Inside the 2014 hack of a Saudi embassy

Documents show how the hack was executed but do not confirm attribution.

An attacker claiming to be ISIS took control of the official email account of the Saudi Embassy in the Netherlands in August, 2014 and sent emails to more than a dozen embassies at The Hague demanding $50 million for ISIS, or they would blow up a major diplomatic reception, documents seen by CSO reveal.

The attack compromised the Saudi embassy's non-classified computer network. They deployed a garden-variety rootkit on the workstation of the ambassador’s secretary and took over the embassy's official email account.

No one was ever formally held accountable, despite an internal investigation. Given the low sophistication of the attack, experts tell CSO it's impossible to say whether the attacker really was part of an organized effort by ISIS, a random supporter, or a nation-state intelligence agency masquerading as ISIS for motives unknown.

The story began with a bizarre attempt to defraud a Saudi schoolmaster in the UK of a €200 visa fee and ended with a $50 million ransom demand and a manhunt by the Dutch diplomatic police as the clock ticked down to September 23, Saudi National Day.

Documents obtained by CSO provide details of the attack and the Saudi response. This provides an interesting window into how a government might react to a suspected nation-state attack and raises questions about the level of security deployed at embassies around the world.

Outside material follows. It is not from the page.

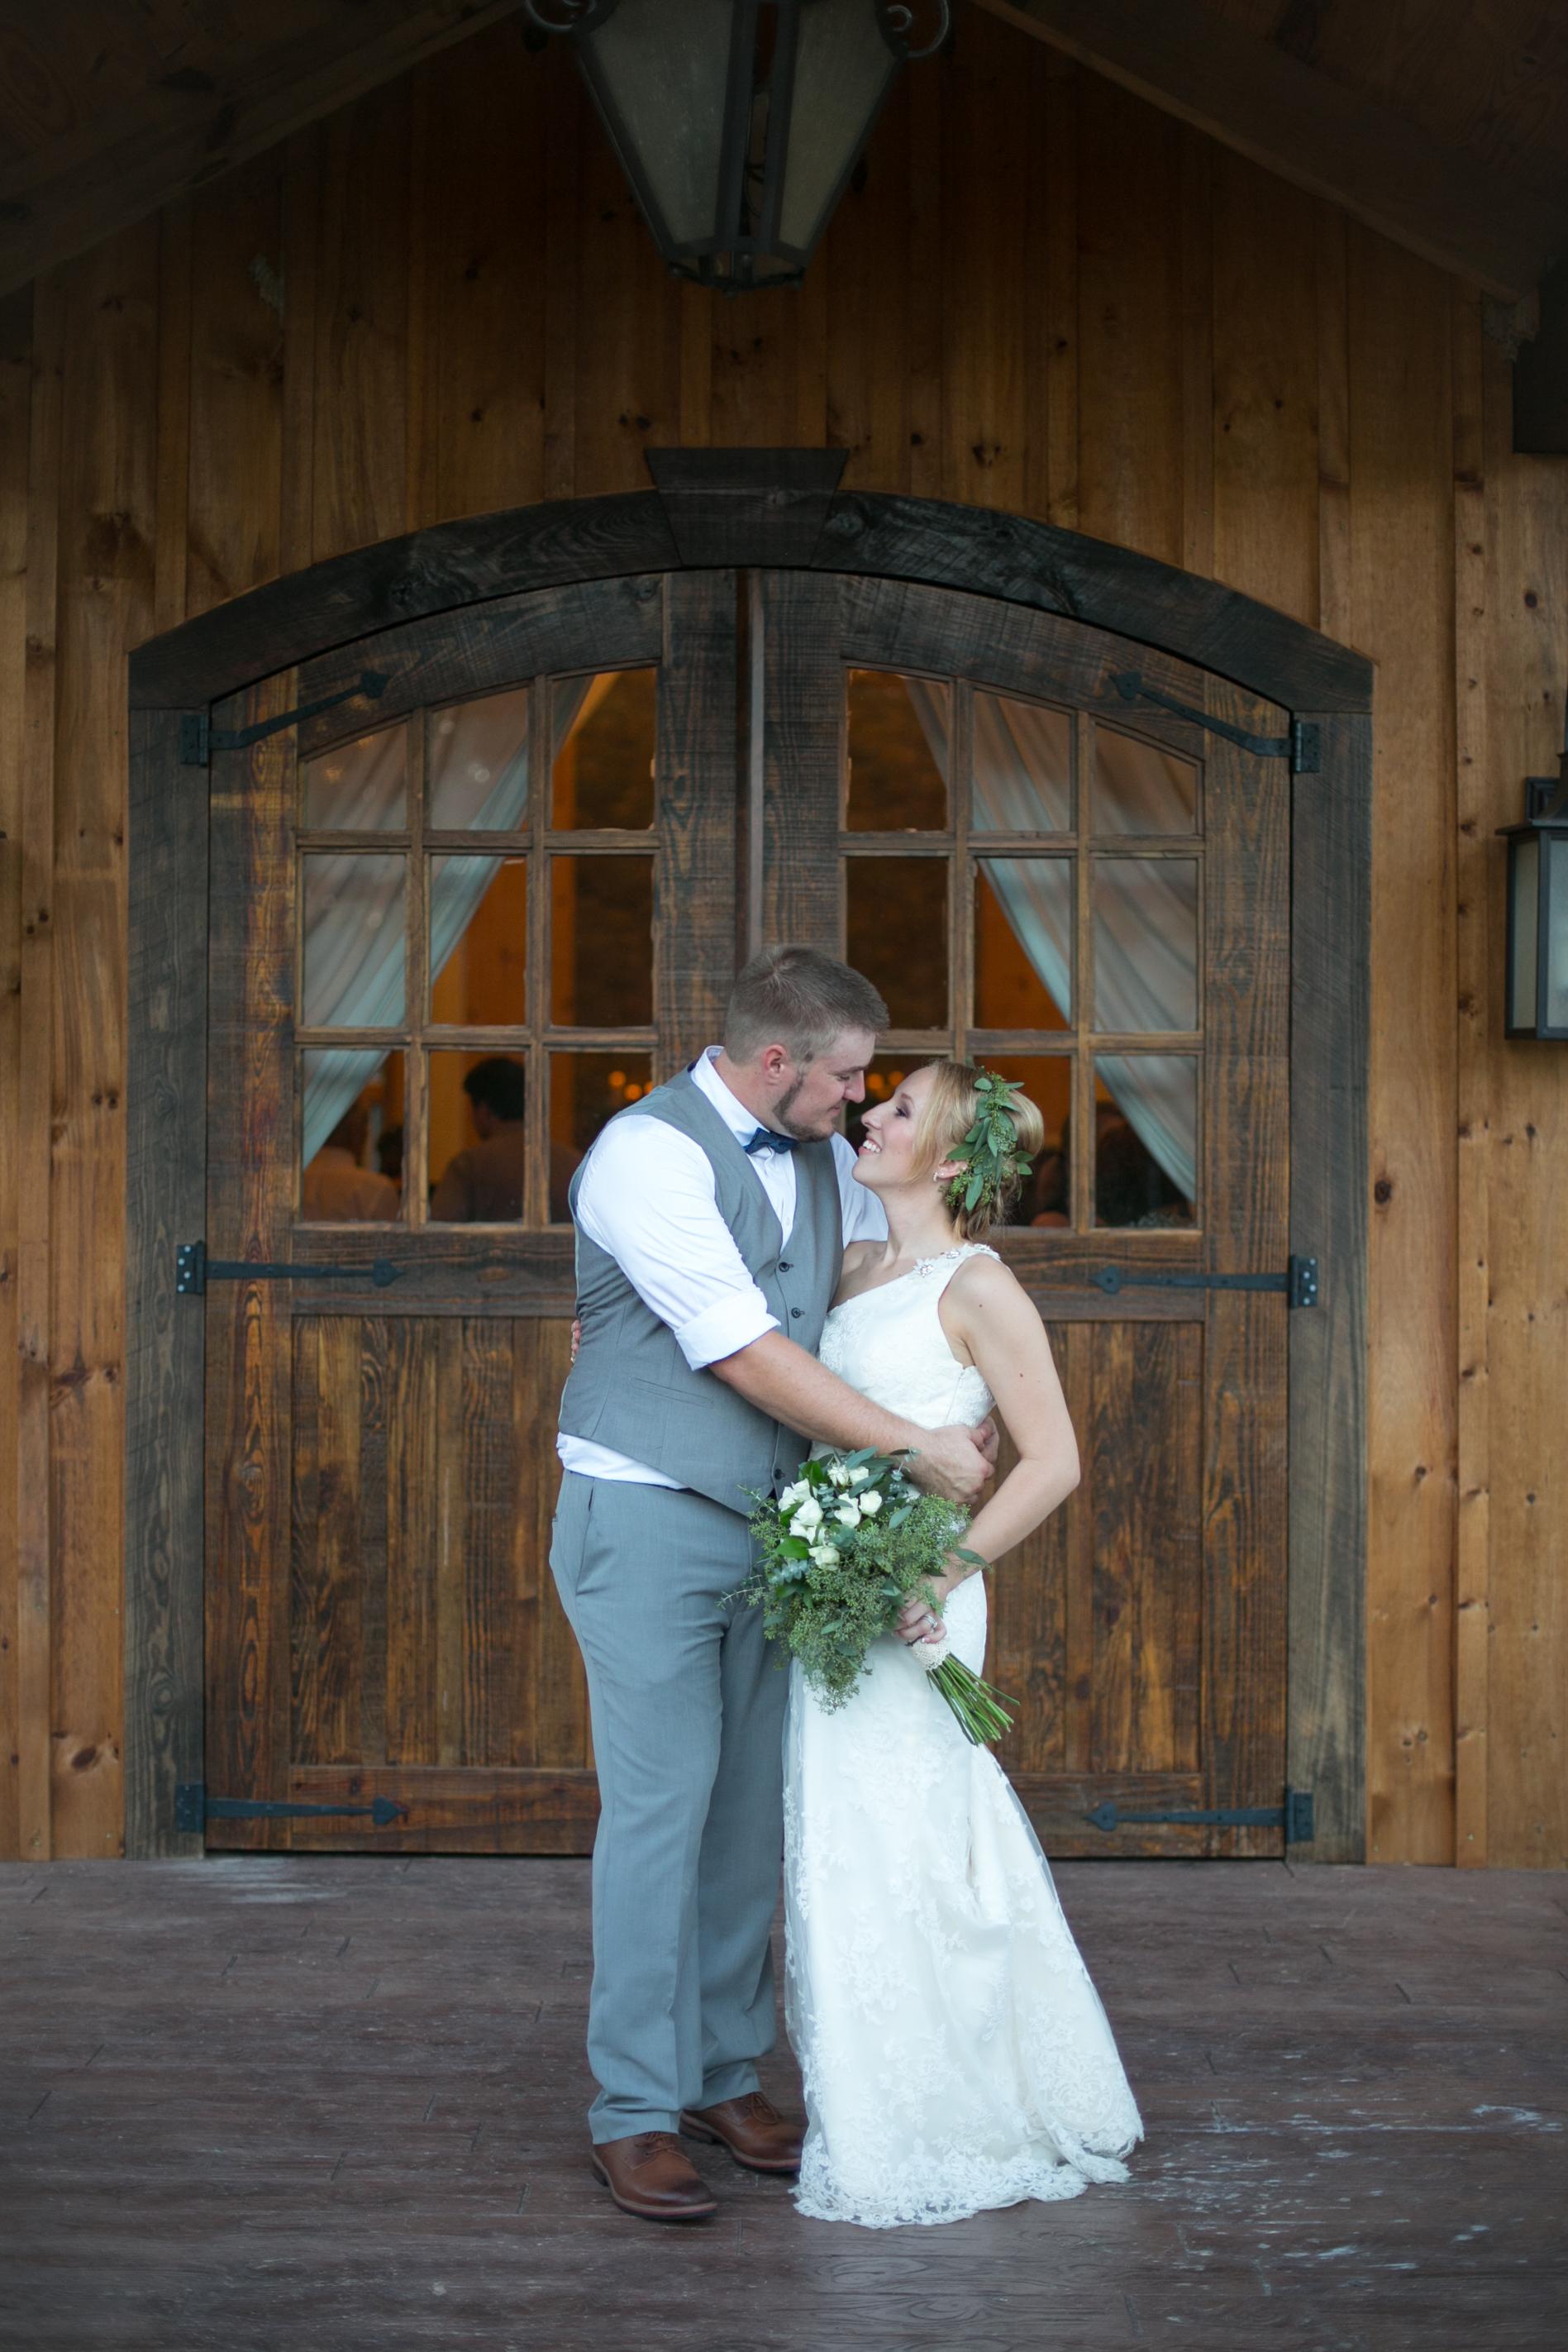 Luke_Sarah_Calaway_Wedding_12Aug17_1035.jpg

The first indicator of compromise

According to the documents, the embassy first became aware that something was amiss when Dr. Sumaya Alyusuf, previously in the news herself a decade ago as the head of a British school that owned radical Islamist textbooks funded by the Saudi royal family, emailed the Saudi embassy asking for assistance in procuring a visa to India and was subsequently asked to wire €200 via MoneyGram.